Highgate Infrastructure Changes: Aging Pipes at Risk

City of Unley · Council intelligence · Last updated April 2026

From the minutes

“CONSERVATION GRANTS 2025/2026 - SECOND ROUND... Council approve a Conservation Grant of $2,227.00 for maintenance pruning of a significant tree at 35 Carlton Street, Highgate.”

Full Council, 23 March 2026

Arborists working on a big established tree on Carlton Street means root disturbance is a real possibility — and in a street with older clay sewer pipes, that's worth watching. If you're on or near Carlton Street and your drains start running slow after this work kicks off, don't wait on it.

“Administration work with staff from the City of Adelaide and the City of Burnside to investigate the provision of improved walking and cycling infrastructure along the southern boundary of the Adelaide Park Lands fronting Greenhill Road from Anzac Highway to Fullarton Road.”

Full Council, 23 March 2026

Greenhill Road runs right along Highgate's northern edge. When councils start investigating footpath and cycling upgrades on a busy road like that, groundworks follow — and groundworks near the boundary mean potential disruption to older mains and stormwater infrastructure feeding into the suburb. Keep an eye on it.

About this area

Highgate is a quiet pocket of Unley with older housing stock — which means ageing clay pipes, cast iron connections, and hot water units that have been running on borrowed time. Council is currently looking at infrastructure changes along Greenhill Road, which cuts close to the suburb and can put pressure on older services nearby when the digging starts. There's also arborist work approved for Carlton Street — tree roots and old pipes in the same street is a combination worth knowing about.

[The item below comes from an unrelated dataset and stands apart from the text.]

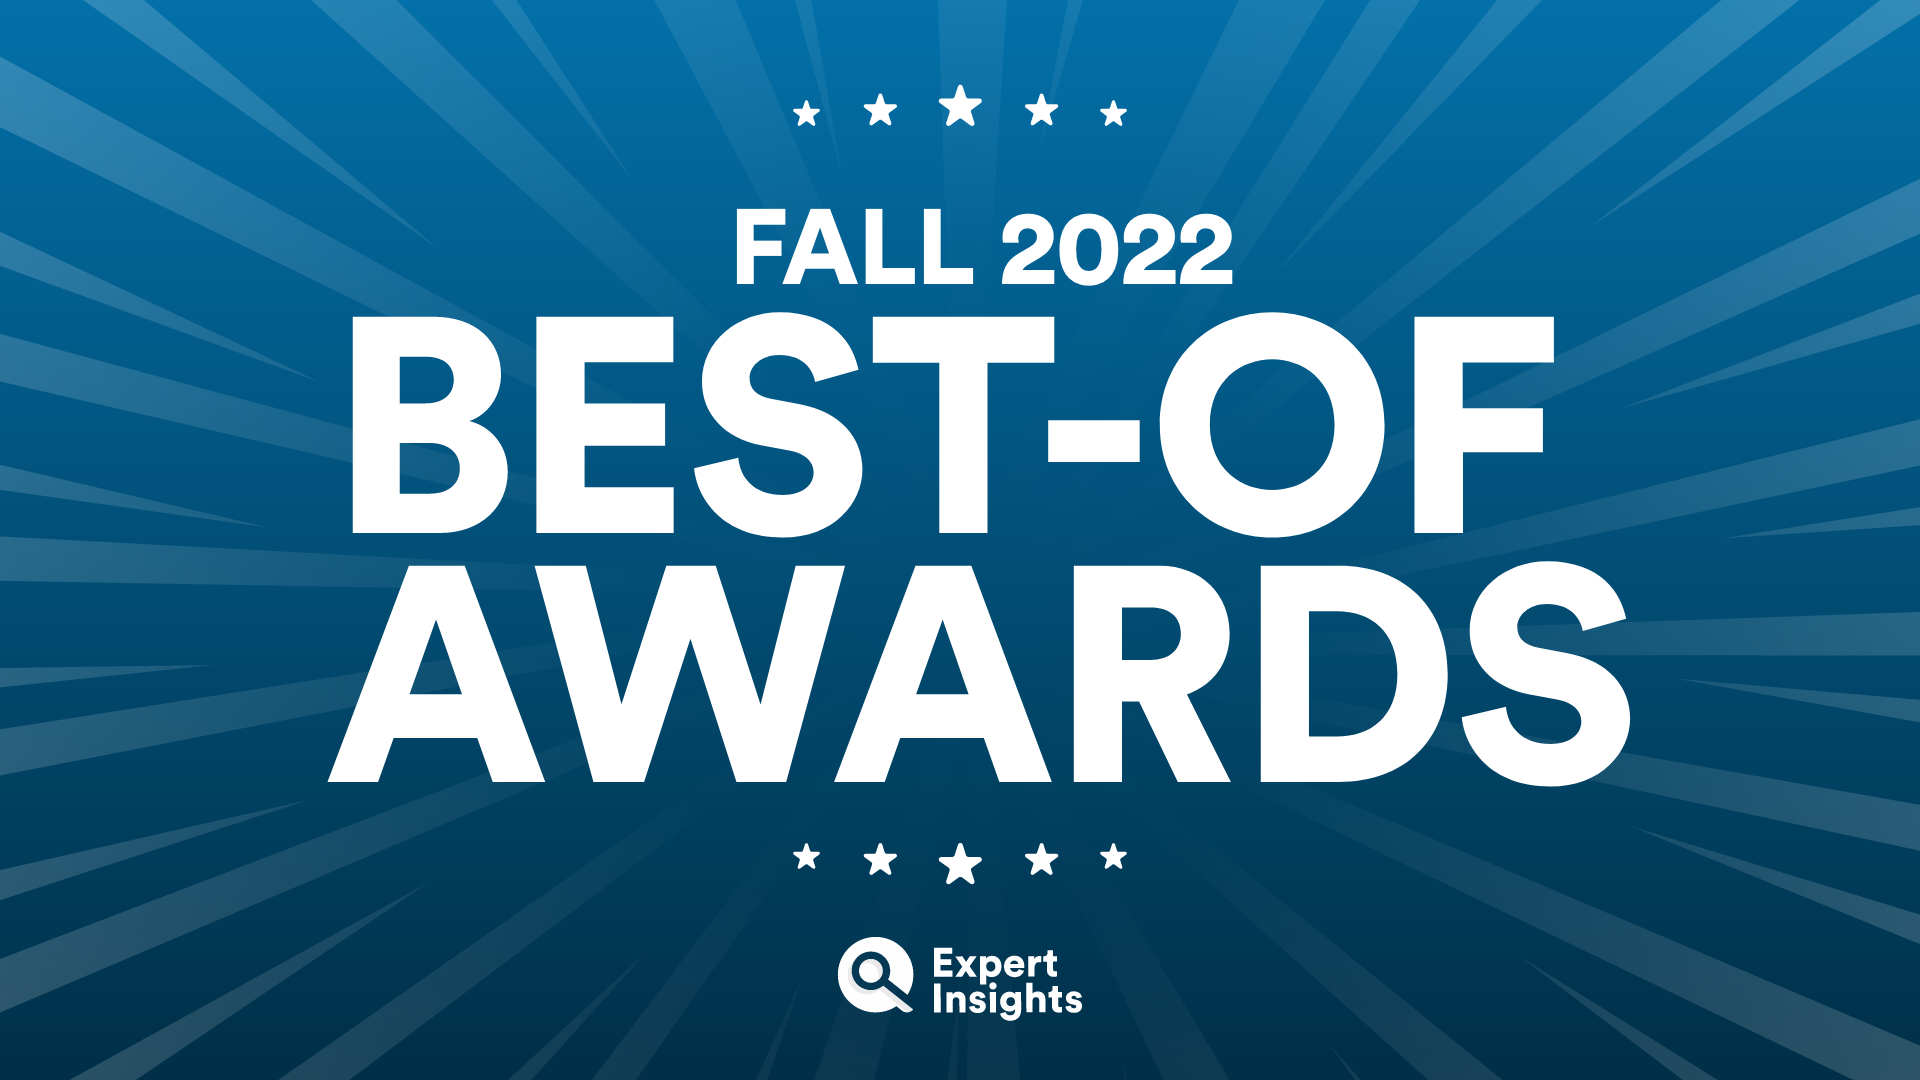 Expert Insights Best of Awards 2022 badge

Highgate's housing era — late 50s through 70s — means you're almost certainly dealing with clay sewer lines, cast iron, or galvanised steel. Those materials did their job, but they're not young anymore. If you're seeing slow drains, wet patches in the yard, or backing up water after rain, tree roots and silt are the usual culprits. Start by checking whether you're on a shared or single sewer line and how old the spouting is — stormwater flooding the system is easier to rule out than you'd think. When Council's digging around Greenhill Road or arborists are working Carlton Street, older water and sewer lines nearby get jostled. Pressure spikes, new leaks in weak spots, blockages that shift. If you're in Highgate and something goes wrong mid-work, it's not always random — infrastructure activity matters. Check whether any council projects are scheduled near your street before you assume it's just old age.